TASK GOAL:
With every picture left out, give the data below back exactly.

---------- DATA SECTION

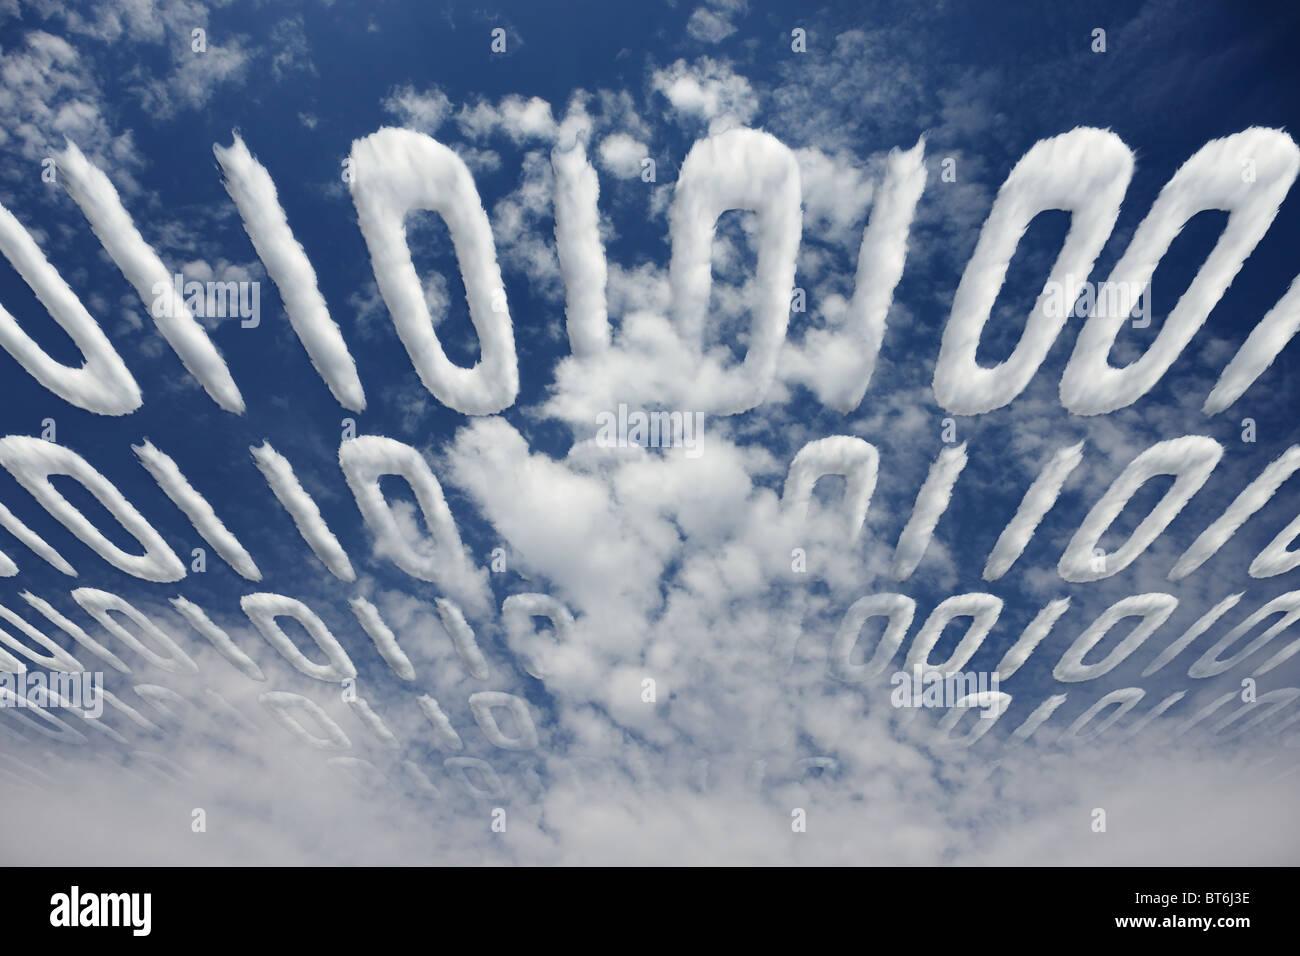 Nuvoloso codice binario trasmesso in cielo - il concetto di comunicazione elettronica e le informazioni Immagini Stock
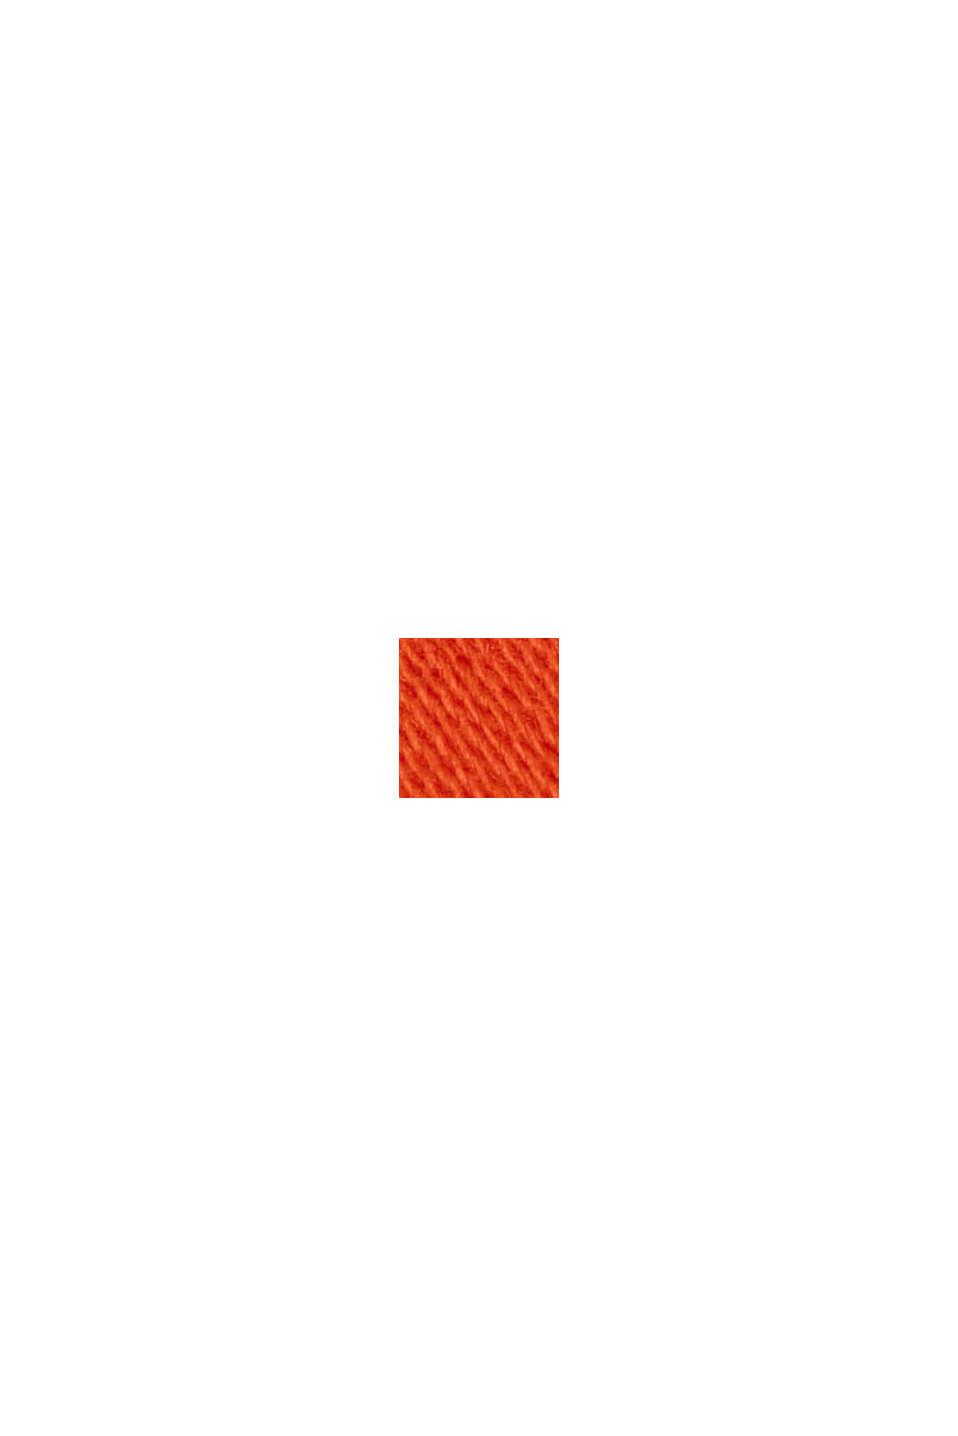 Capribroek met superveel stretch, ORANGE RED, swatch
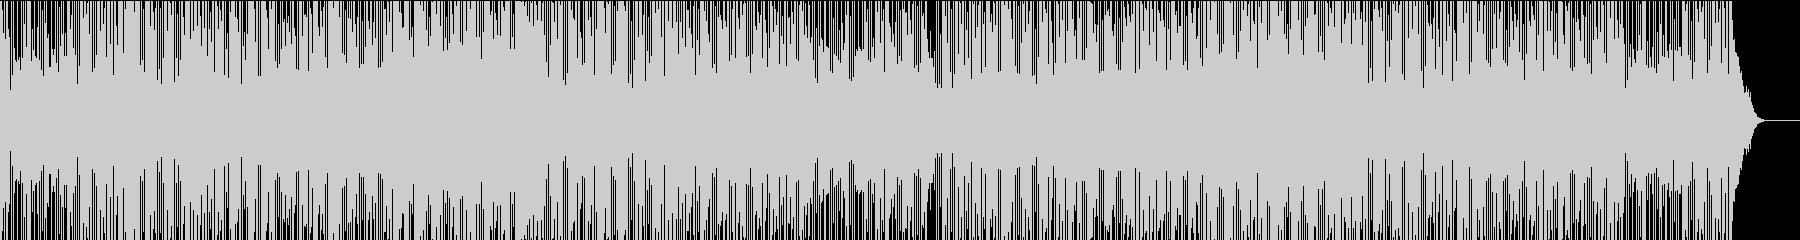 アシッドジャズ風の落ち着いたBGMの未再生の波形
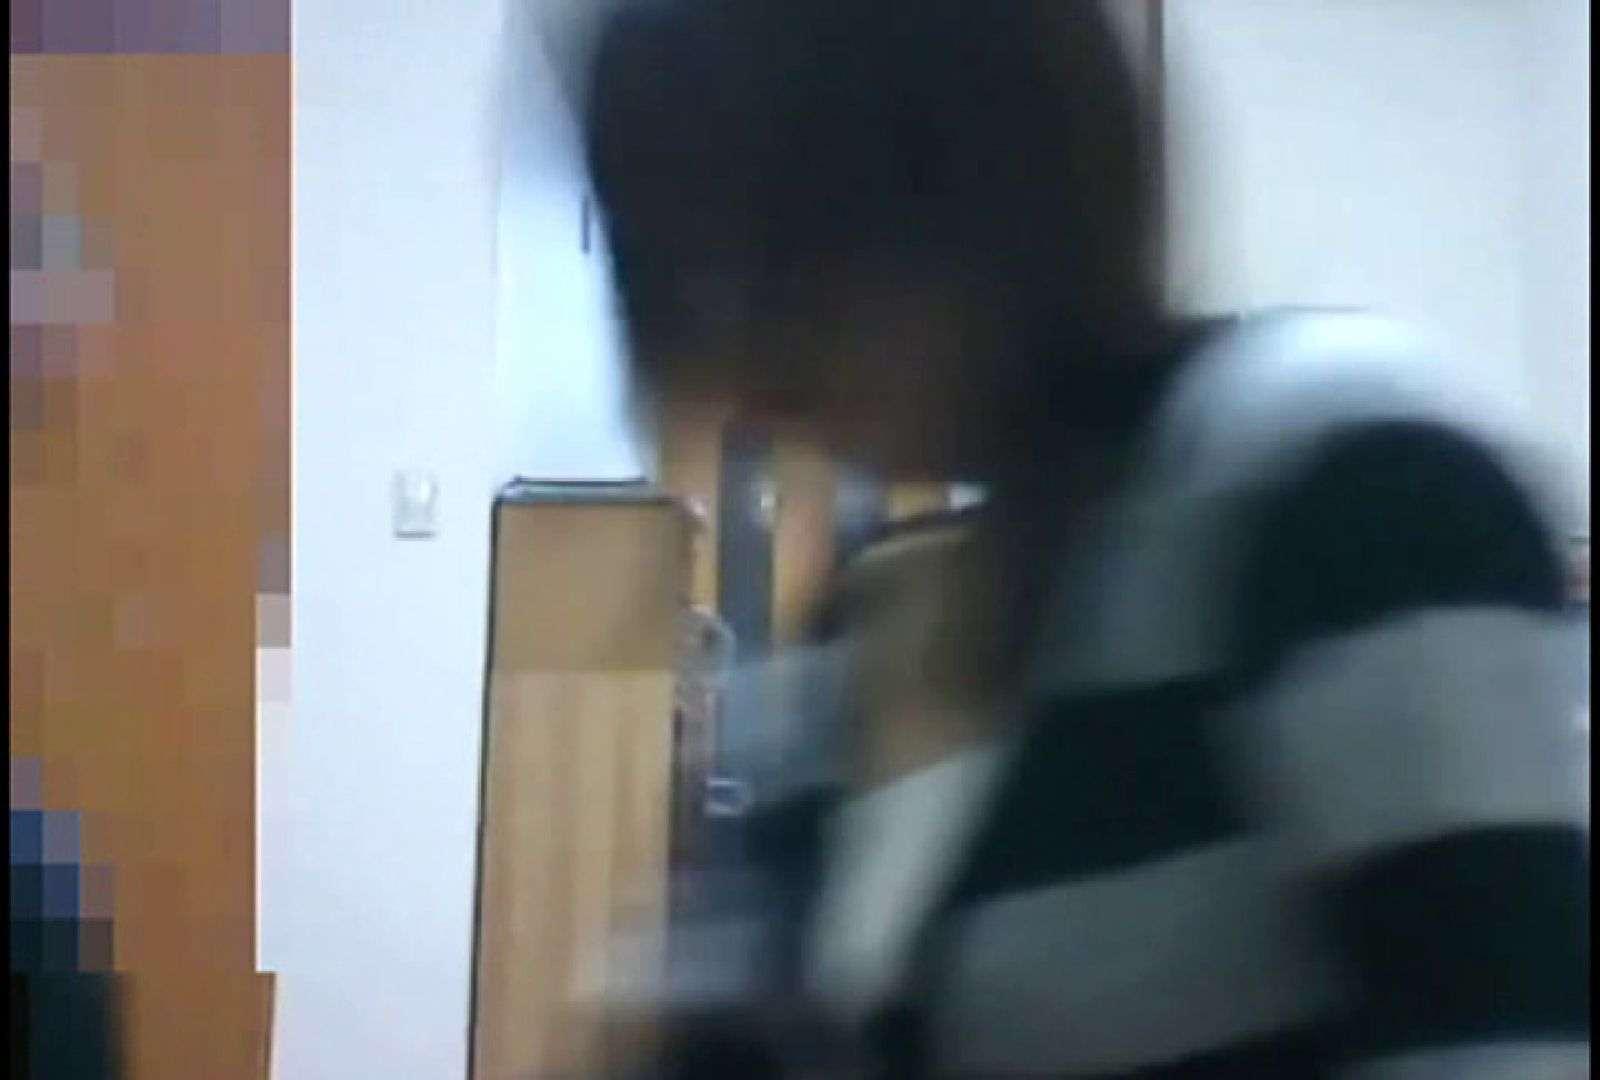 電魔王さんの「盗撮の部屋」No.1 りかこVol.1 OLエロ画像   盗撮  93PICs 39

--------------------

RESPONSE:
 Nuvoloso codice binario trasmesso in cielo - il concetto di comunicazione elettronica e le informazioni Immagini Stock
 Capribroek met superveel stretch, ORANGE RED, swatch
 アシッドジャズ風の落ち着いたBGMの未再生の波形
 電魔王さんの「盗撮の部屋」No.1 りかこVol.1 OLエロ画像   盗撮  93PICs 39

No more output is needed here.